◆ Requirement ◆
Without its pictures, the listing below is to be transcribed exactly.

◆ Available data ◆
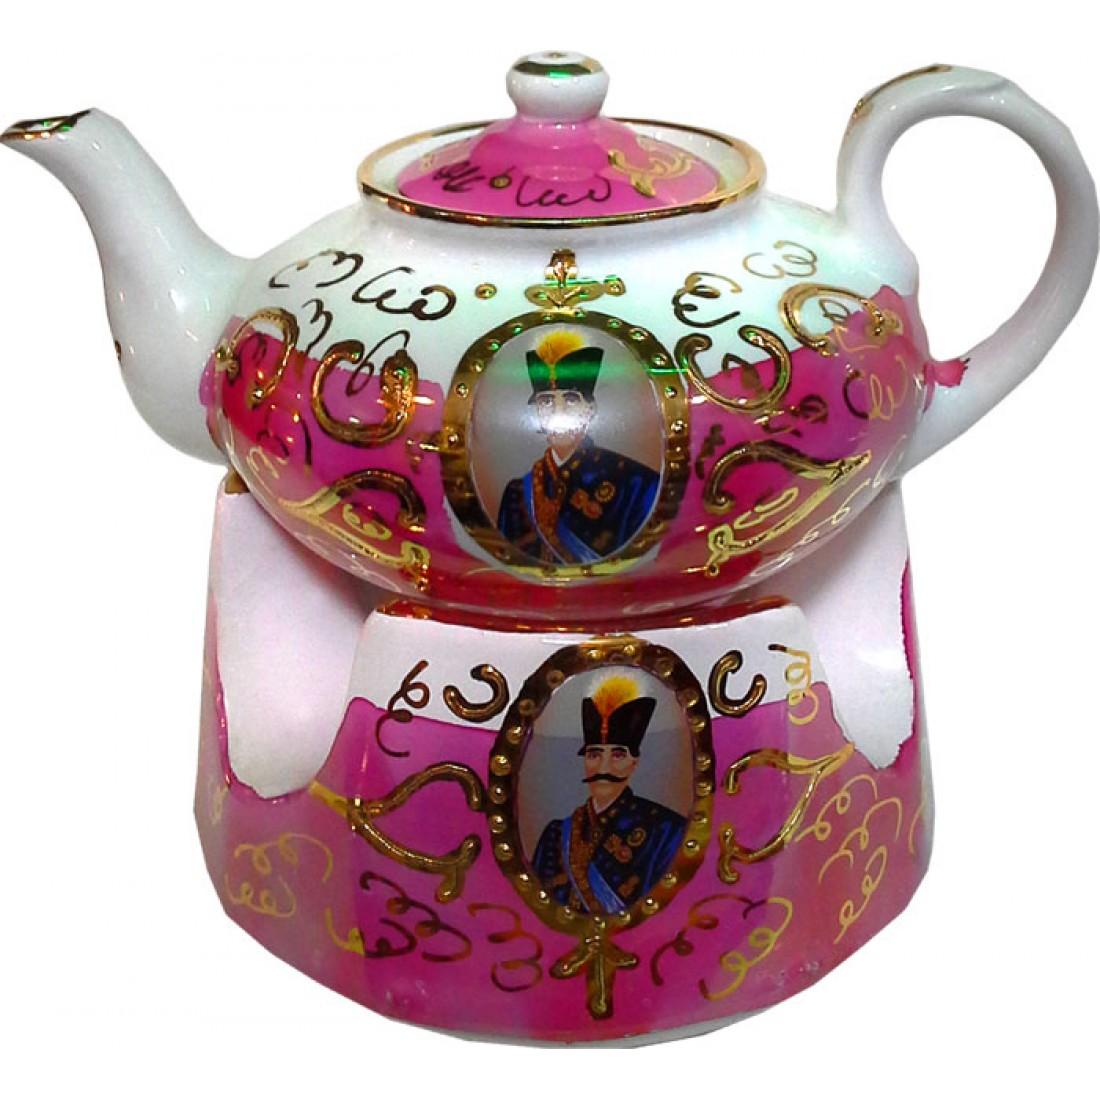 لیوان چای خوری جدید عکس قوری بلور – سایت عکس
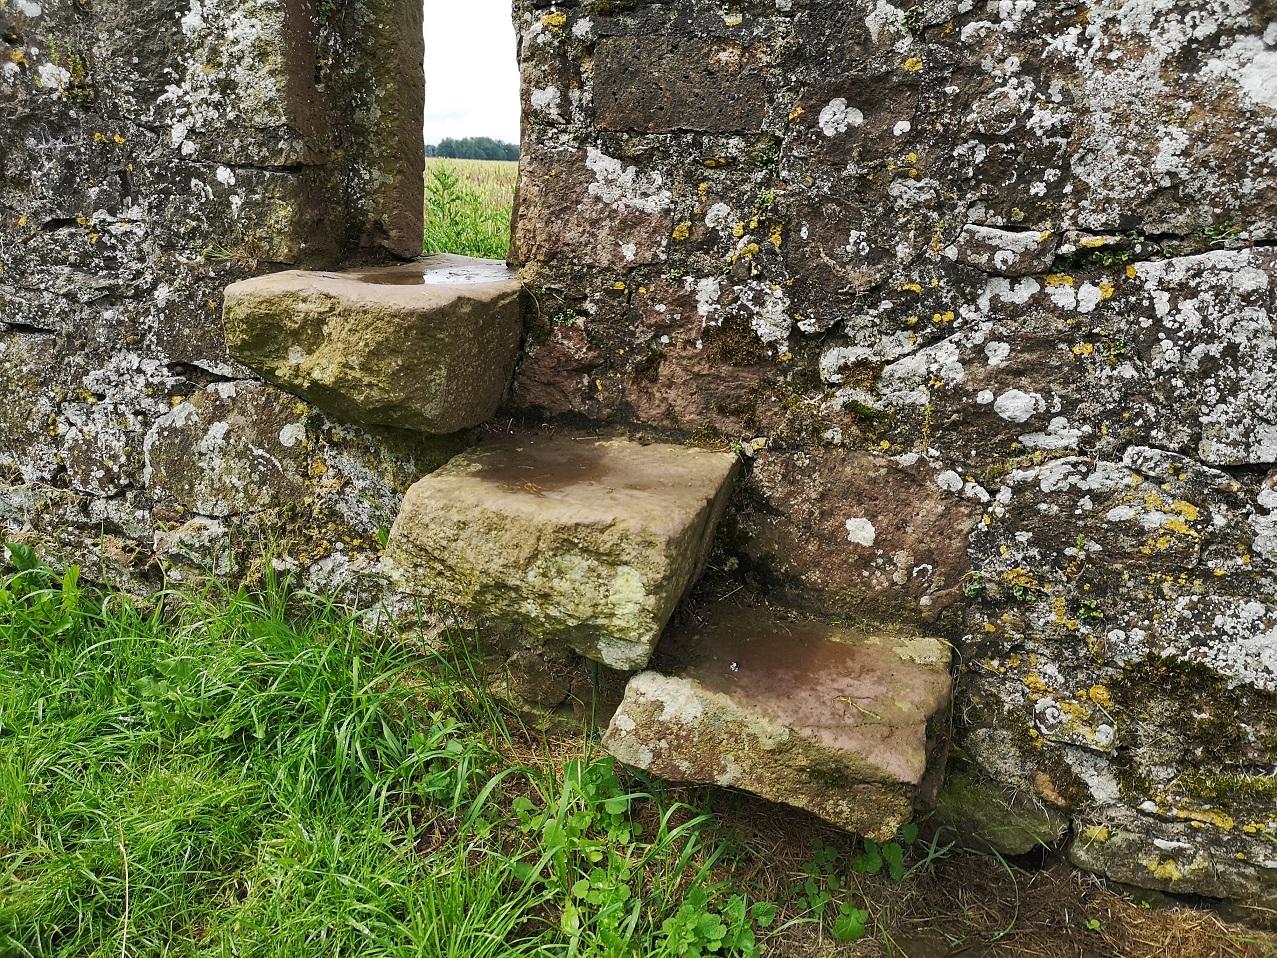 Landscape between the stones
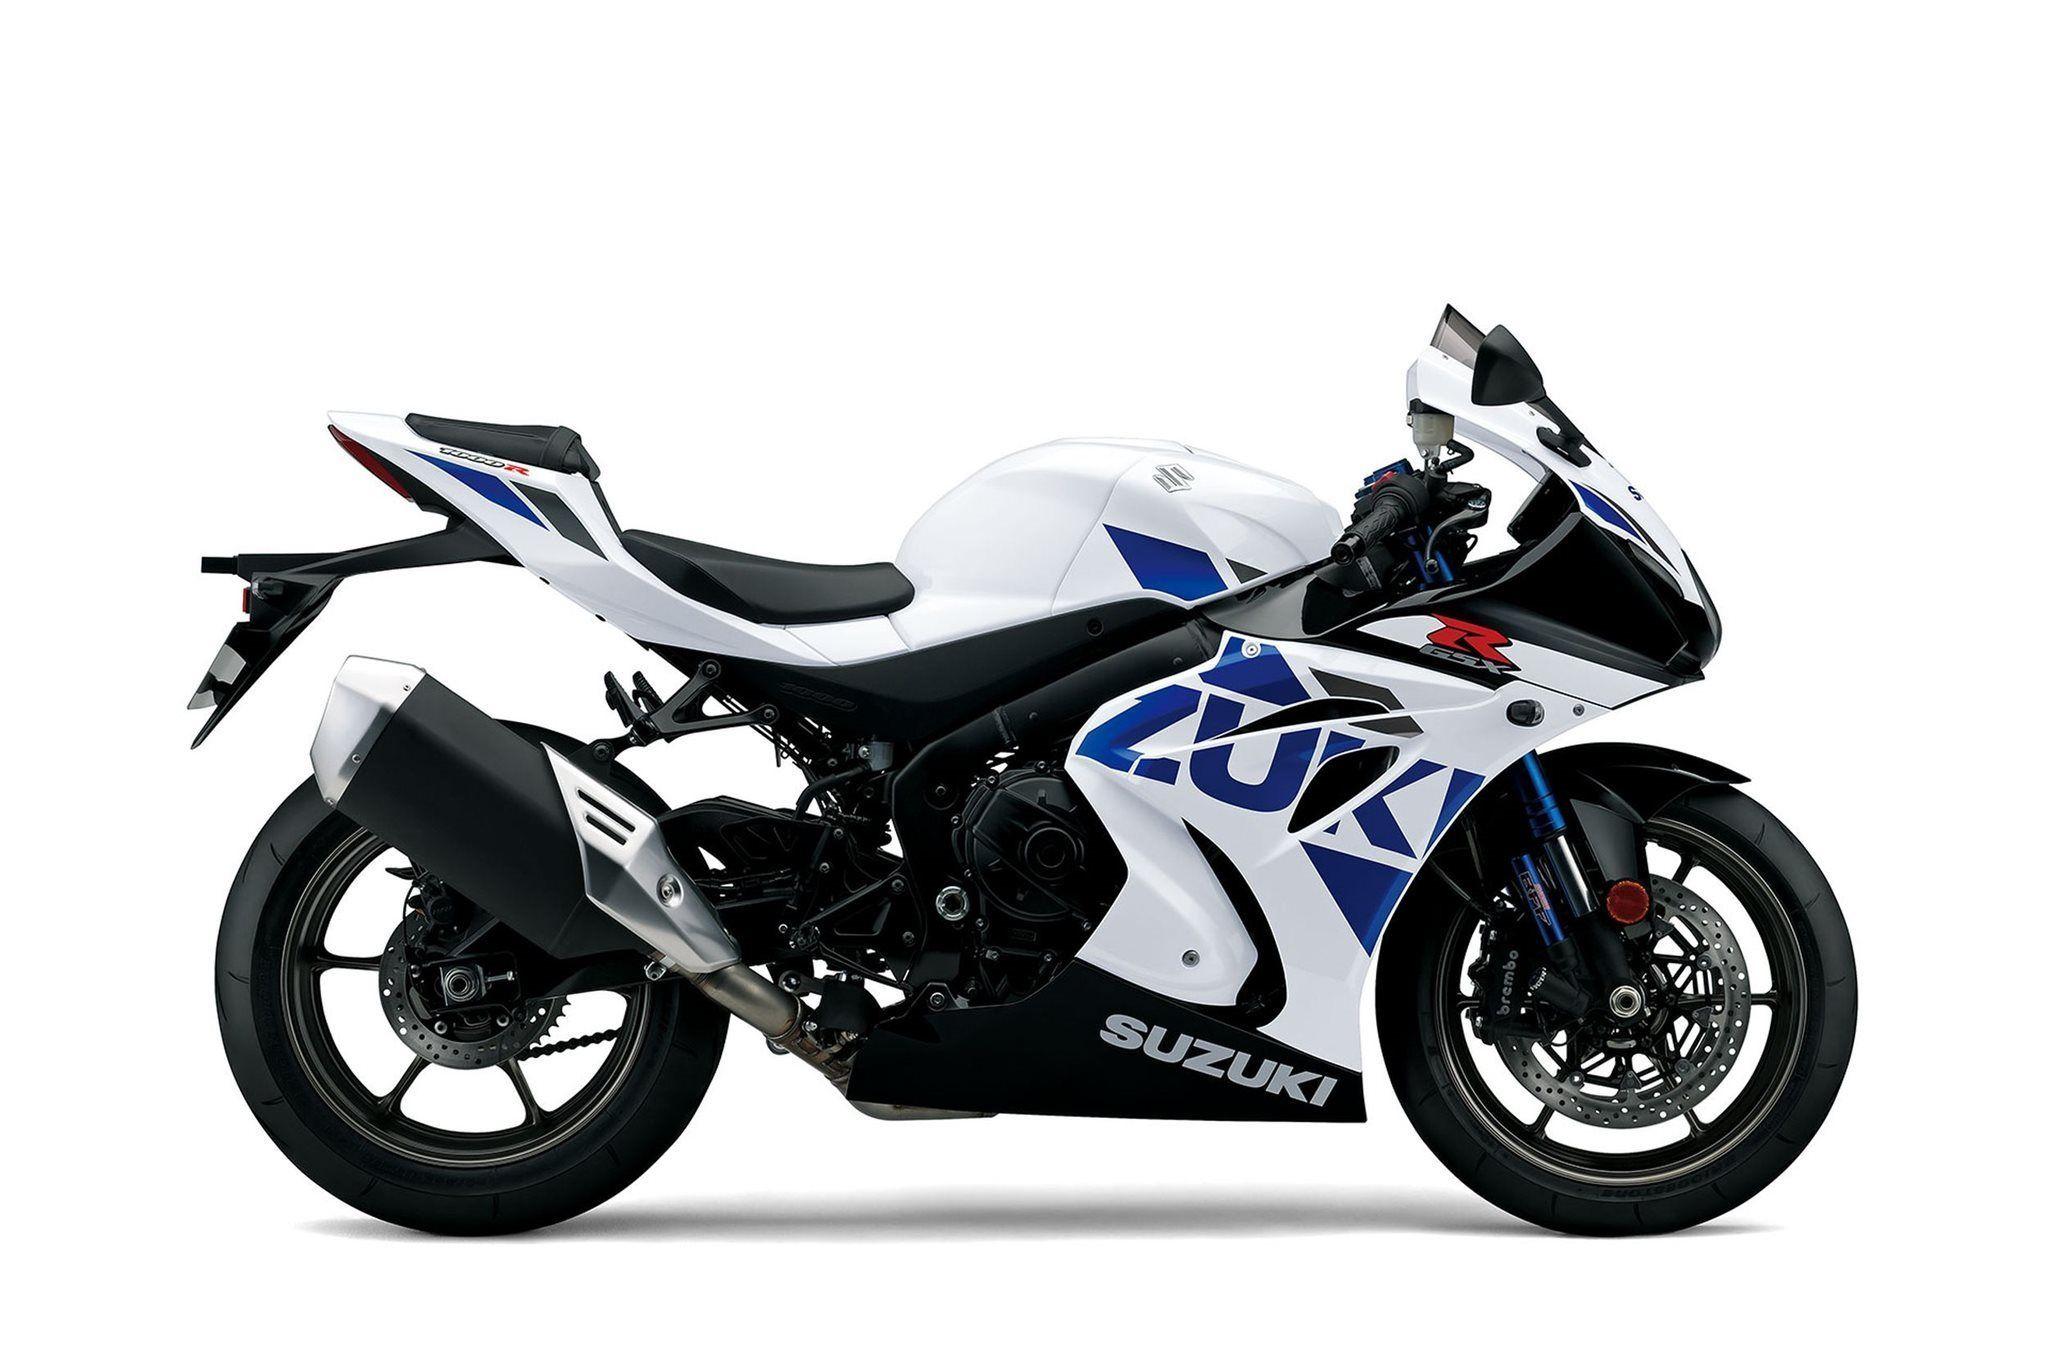 Neumotorrad Suzuki Gsx R 1000 R Baujahr 2020 Preis 17 000 00 Eur Aus Schleswig Holstein In 2020 Suzuki Gsx R 1000 Suzuki Gsx R Suzuki Gsx

◆ Response area ◆
 لیوان چای خوری جدید عکس قوری بلور – سایت عکس
 Landscape between the stones
 Neumotorrad Suzuki Gsx R 1000 R Baujahr 2020 Preis 17 000 00 Eur Aus Schleswig Holstein In 2020 Suzuki Gsx R 1000 Suzuki Gsx R Suzuki Gsx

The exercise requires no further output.